--- Information shown ---
————

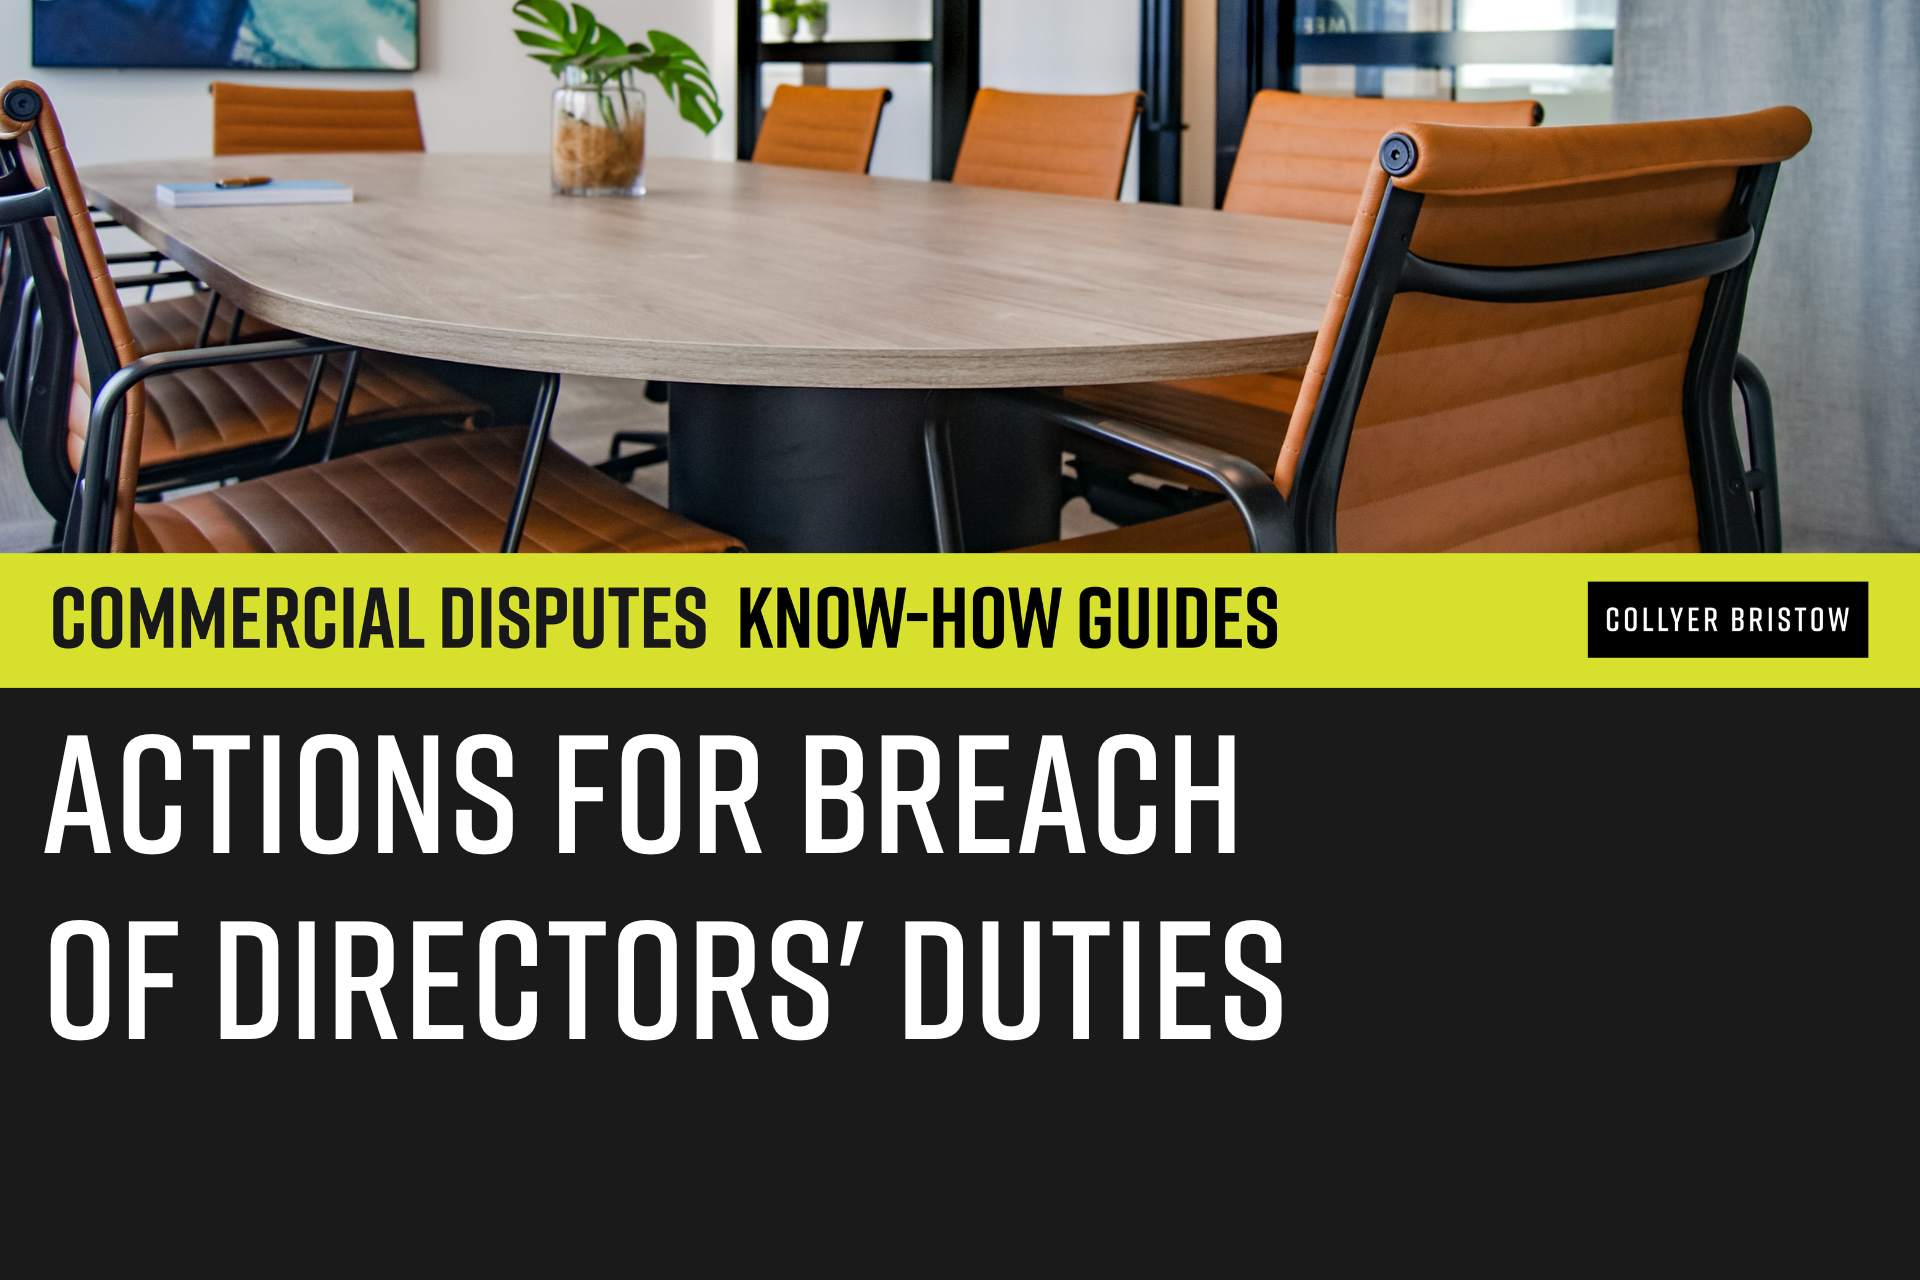 Actions for breach of directors' duties
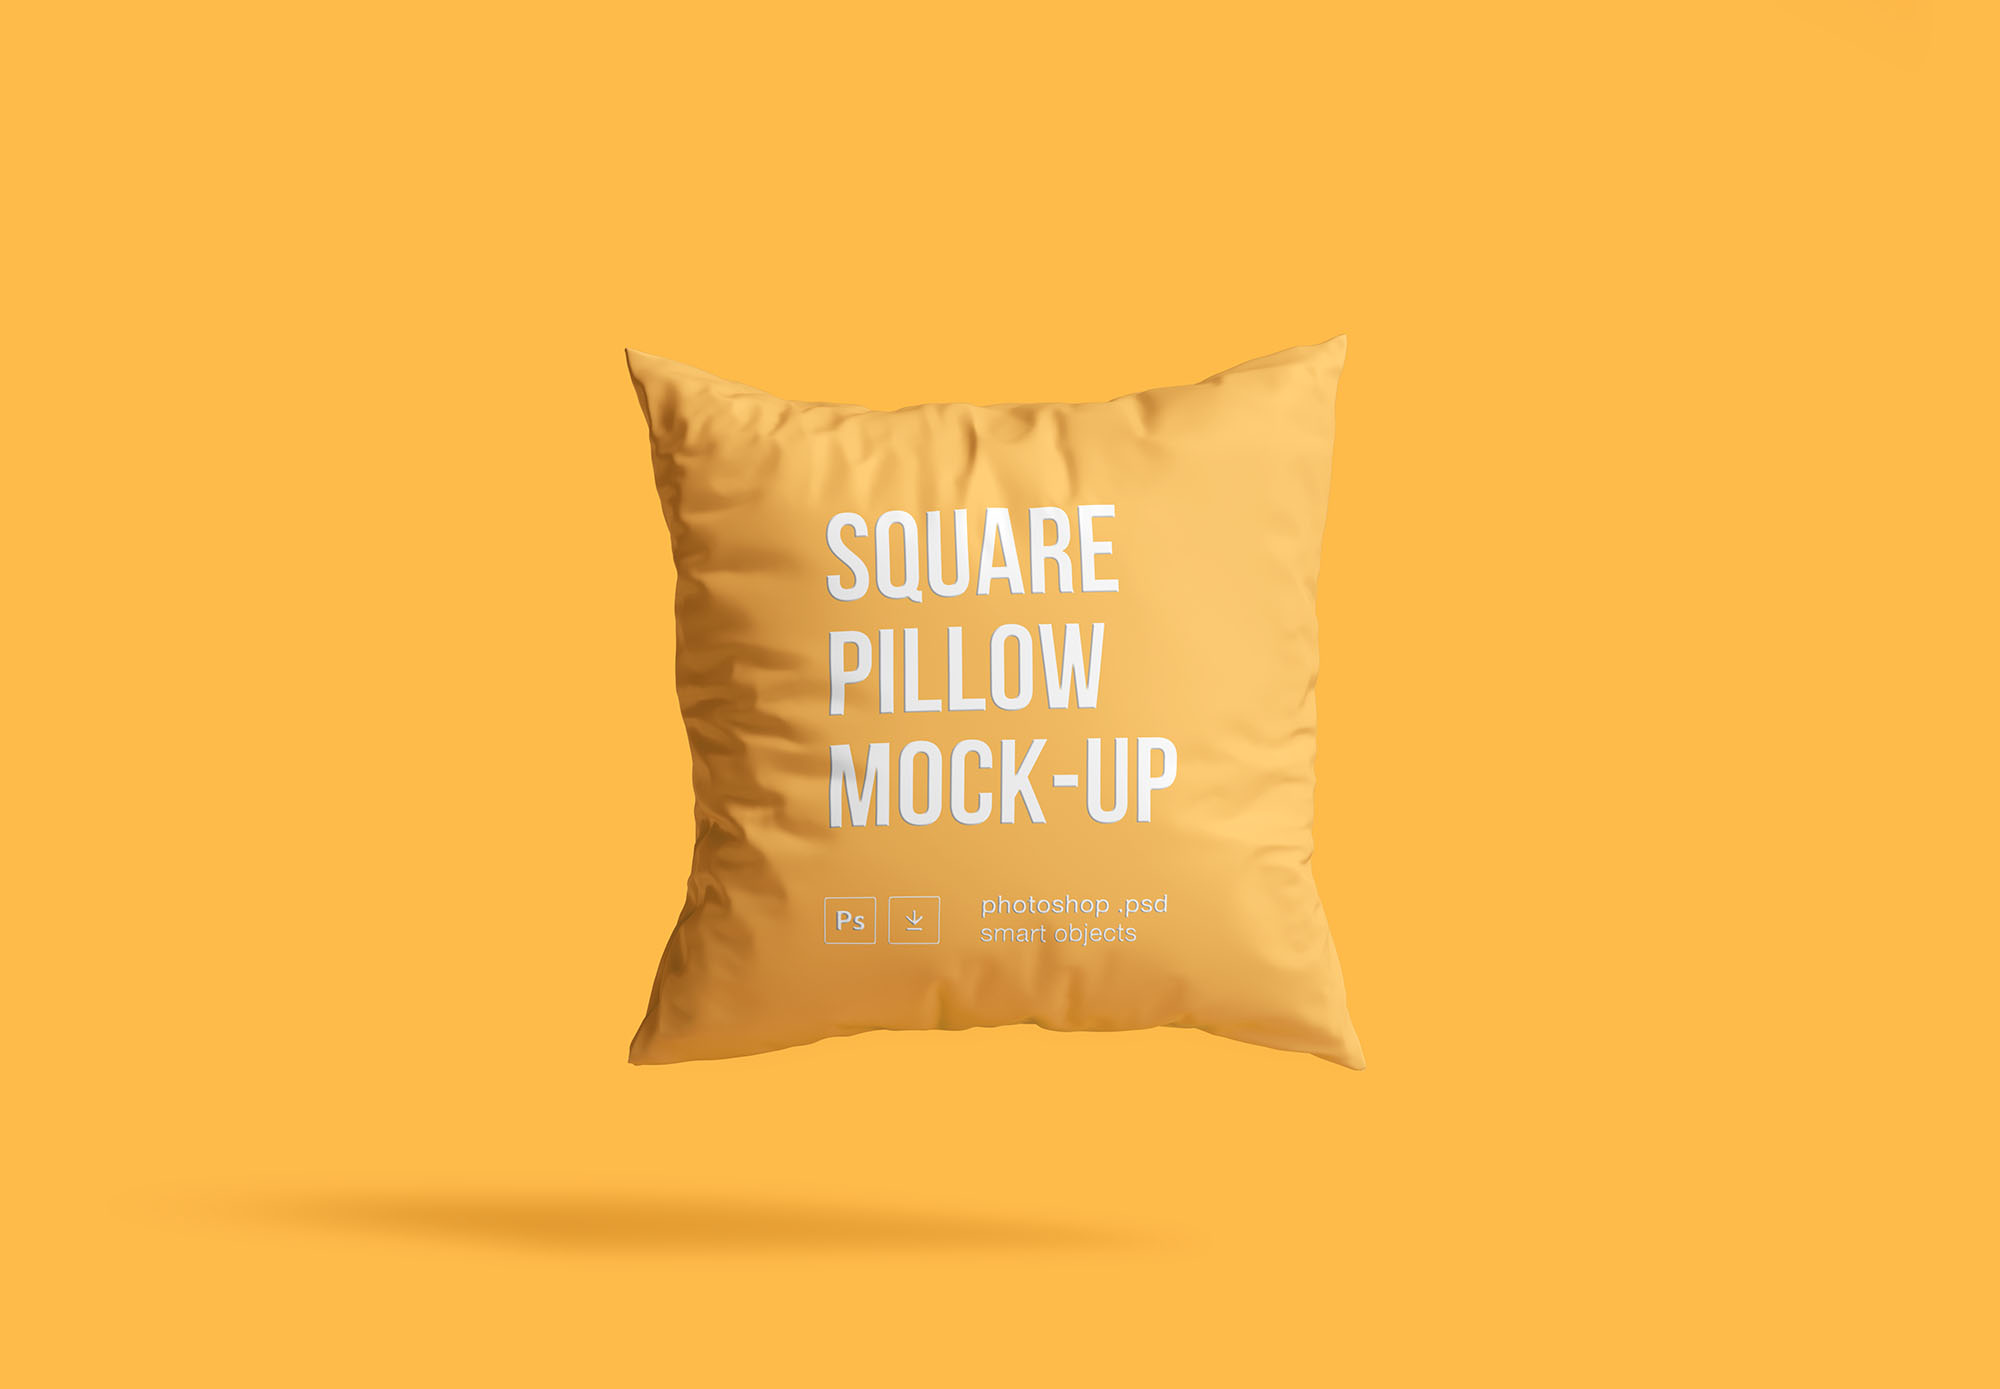 方形枕头抱枕外观设计样机模板 Square Pillow Mockup插图2
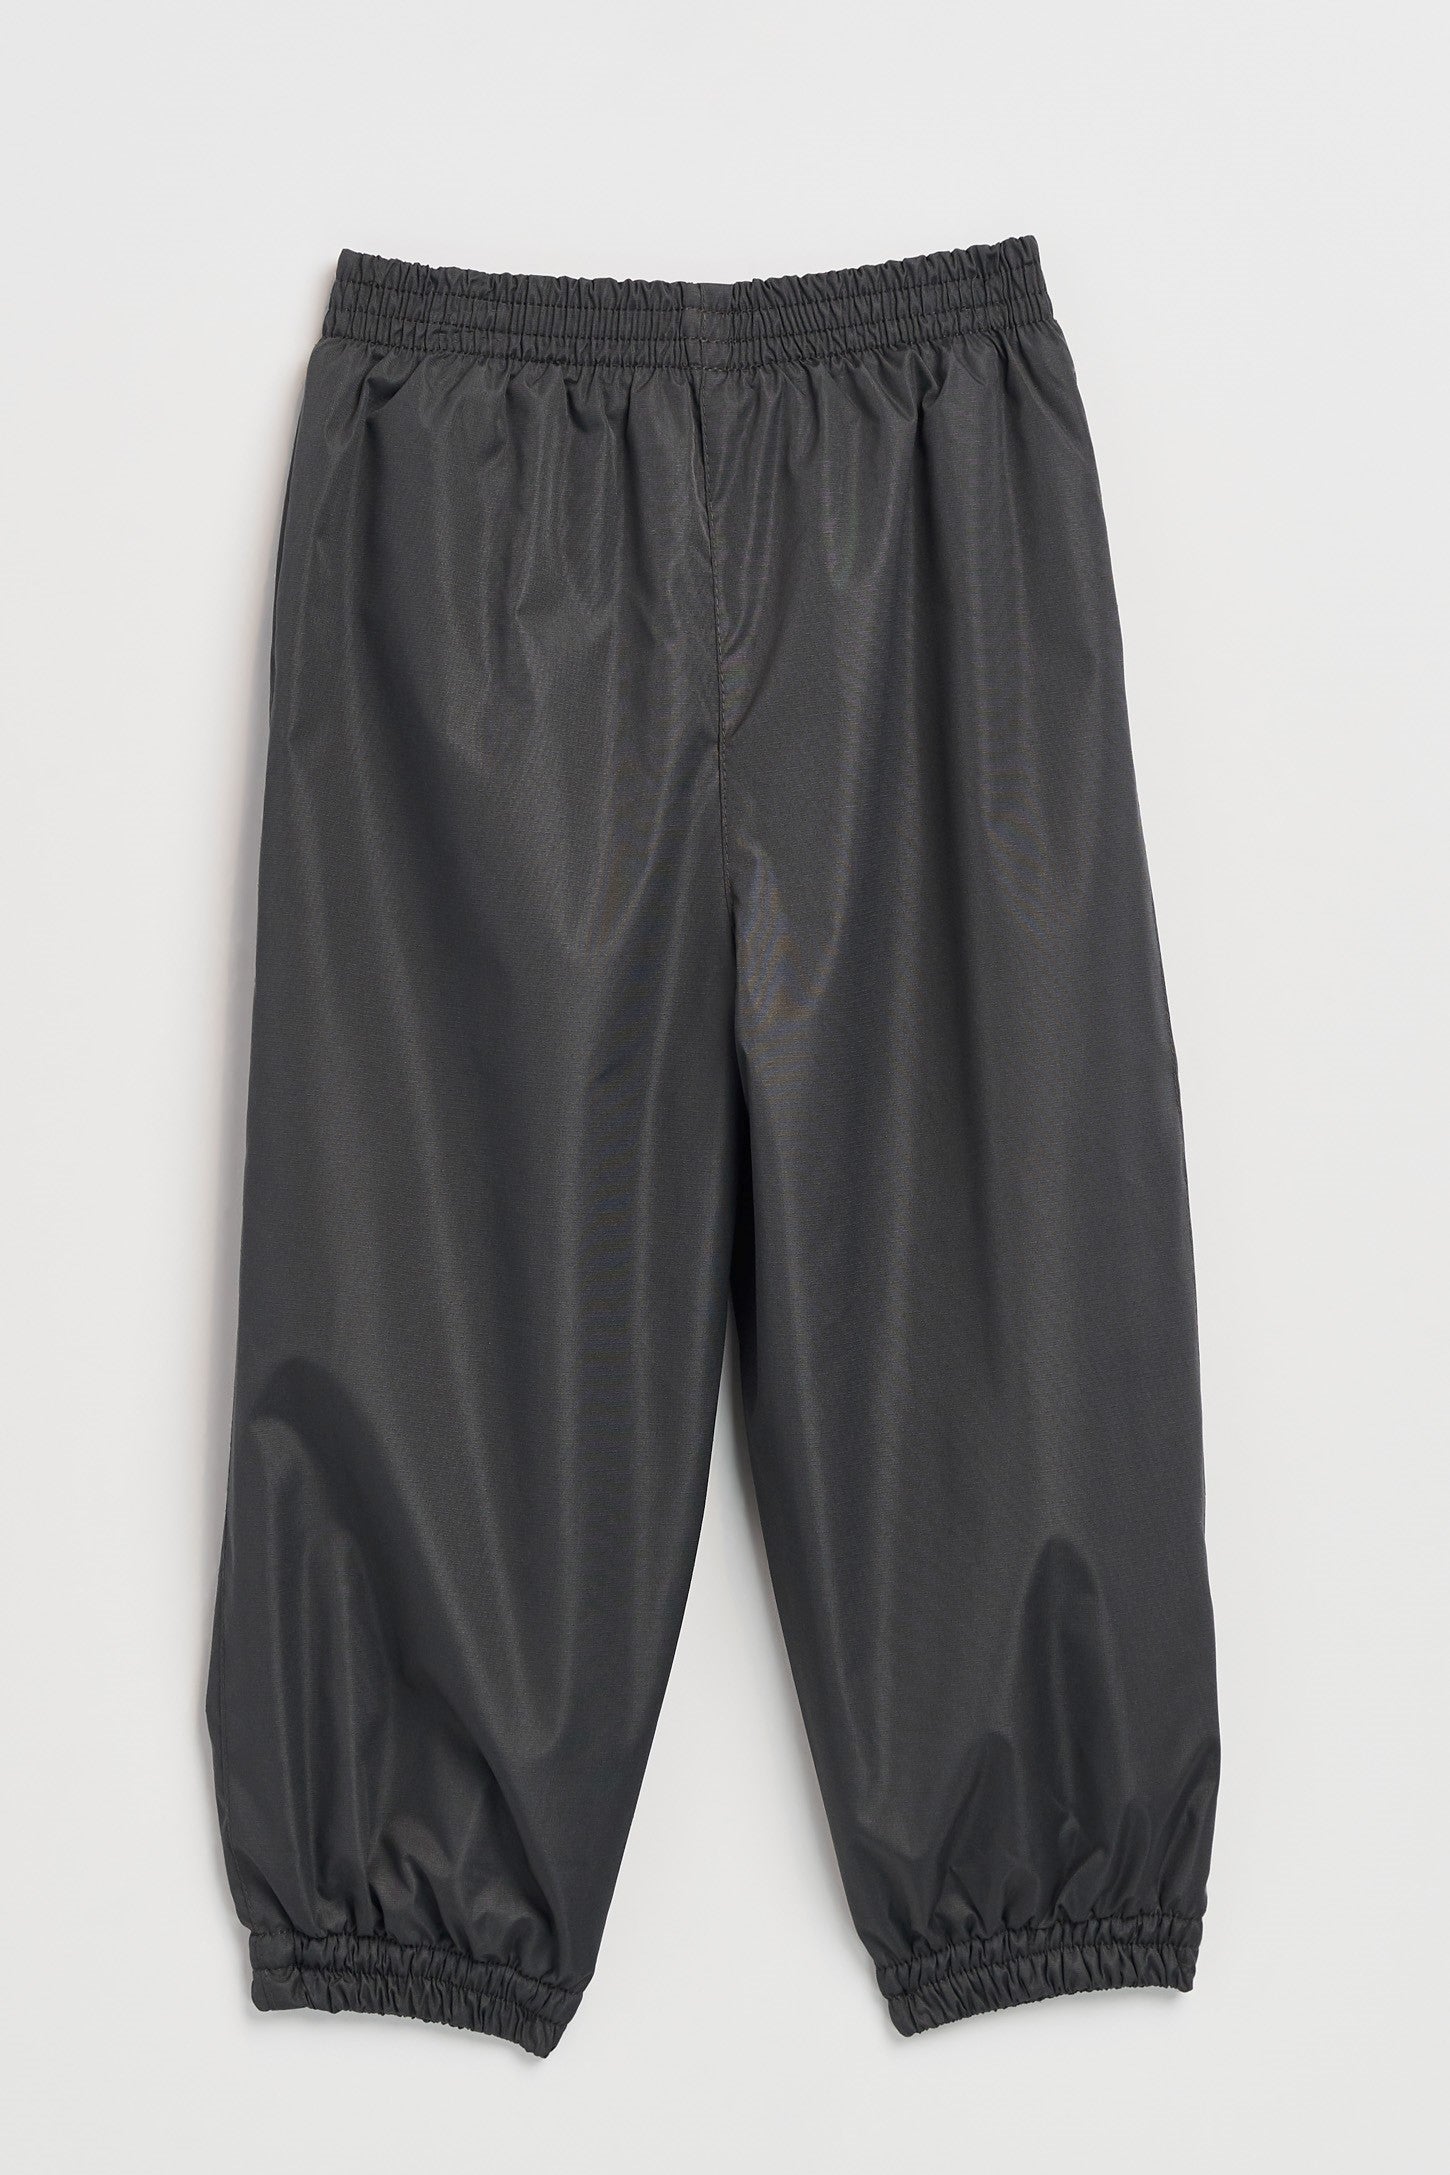 Pantalon d'extérieur doublé en polar, 2T à 3T - Bébé && GRIS FONCE

————

--- Work order ---
Retype the data word for word and keep the pictures out of it.

--- Reply ---
 Actions for breach of directors' duties
 方形枕头抱枕外观设计样机模板 Square Pillow Mockup插图2
 Pantalon d'extérieur doublé en polar, 2T à 3T - Bébé && GRIS FONCE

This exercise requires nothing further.